TO DO
Every line of the entries below that mentions "Image" is to be copied out.

EXCERPTED DATA
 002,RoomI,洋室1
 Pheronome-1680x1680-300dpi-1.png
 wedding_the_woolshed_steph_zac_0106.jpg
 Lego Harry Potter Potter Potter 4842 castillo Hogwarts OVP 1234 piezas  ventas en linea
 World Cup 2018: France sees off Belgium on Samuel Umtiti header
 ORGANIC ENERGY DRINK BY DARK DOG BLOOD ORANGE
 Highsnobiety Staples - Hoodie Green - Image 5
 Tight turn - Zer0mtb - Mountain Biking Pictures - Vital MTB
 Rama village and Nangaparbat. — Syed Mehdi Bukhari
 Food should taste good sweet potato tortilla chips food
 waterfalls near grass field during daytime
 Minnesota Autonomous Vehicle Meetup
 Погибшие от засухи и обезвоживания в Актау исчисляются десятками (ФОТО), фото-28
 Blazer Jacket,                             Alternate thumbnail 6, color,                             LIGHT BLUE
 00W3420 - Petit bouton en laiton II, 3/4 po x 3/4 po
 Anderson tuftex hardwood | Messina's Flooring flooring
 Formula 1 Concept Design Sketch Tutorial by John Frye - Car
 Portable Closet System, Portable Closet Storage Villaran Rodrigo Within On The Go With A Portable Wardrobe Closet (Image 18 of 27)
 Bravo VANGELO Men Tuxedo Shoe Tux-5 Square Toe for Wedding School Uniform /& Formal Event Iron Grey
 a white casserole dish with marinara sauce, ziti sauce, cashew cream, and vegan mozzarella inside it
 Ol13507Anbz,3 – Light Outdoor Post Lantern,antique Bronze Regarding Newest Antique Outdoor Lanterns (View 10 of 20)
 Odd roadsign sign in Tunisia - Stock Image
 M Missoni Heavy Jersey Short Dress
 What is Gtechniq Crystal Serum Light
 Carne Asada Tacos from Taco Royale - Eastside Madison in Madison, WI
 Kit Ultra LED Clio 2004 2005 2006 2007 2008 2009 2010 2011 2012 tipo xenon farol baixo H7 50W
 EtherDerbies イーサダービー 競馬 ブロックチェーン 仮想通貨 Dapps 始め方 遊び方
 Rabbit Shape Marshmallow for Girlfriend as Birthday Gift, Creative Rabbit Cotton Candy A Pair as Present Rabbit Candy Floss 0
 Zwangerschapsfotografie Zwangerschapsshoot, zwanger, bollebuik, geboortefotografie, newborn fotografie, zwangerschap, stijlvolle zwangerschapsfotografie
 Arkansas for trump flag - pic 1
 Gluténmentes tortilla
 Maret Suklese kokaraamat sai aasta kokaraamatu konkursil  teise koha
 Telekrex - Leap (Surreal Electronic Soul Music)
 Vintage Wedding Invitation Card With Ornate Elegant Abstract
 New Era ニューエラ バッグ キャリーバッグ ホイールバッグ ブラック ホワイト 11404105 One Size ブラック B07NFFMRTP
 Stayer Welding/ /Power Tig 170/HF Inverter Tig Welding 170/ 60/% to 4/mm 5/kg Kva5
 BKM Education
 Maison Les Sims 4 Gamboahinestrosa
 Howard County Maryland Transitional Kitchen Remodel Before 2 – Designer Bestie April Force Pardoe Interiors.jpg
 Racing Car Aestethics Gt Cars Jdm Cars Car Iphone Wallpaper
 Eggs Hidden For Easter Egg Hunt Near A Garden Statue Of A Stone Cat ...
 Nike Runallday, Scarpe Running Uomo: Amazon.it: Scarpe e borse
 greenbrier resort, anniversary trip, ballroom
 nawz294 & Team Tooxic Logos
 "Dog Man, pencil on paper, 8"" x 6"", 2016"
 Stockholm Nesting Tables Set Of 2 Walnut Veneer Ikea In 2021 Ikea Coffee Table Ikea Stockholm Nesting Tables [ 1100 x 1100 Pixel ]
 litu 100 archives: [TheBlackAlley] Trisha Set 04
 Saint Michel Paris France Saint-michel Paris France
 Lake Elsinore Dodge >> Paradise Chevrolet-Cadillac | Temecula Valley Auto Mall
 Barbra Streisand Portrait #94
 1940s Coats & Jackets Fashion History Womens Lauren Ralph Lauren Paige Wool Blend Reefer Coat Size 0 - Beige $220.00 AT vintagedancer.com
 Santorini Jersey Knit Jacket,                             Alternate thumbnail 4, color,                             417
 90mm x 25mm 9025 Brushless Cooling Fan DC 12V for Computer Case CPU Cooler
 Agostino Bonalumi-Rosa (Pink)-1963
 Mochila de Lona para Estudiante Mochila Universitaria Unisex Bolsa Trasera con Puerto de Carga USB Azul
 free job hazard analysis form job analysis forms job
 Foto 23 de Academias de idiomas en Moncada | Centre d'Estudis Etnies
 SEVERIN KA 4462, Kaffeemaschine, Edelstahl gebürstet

EXERCISE ANSWER
 Highsnobiety Staples - Hoodie Green - Image 5
 Portable Closet System, Portable Closet Storage Villaran Rodrigo Within On The Go With A Portable Wardrobe Closet (Image 18 of 27)
 Odd roadsign sign in Tunisia - Stock Image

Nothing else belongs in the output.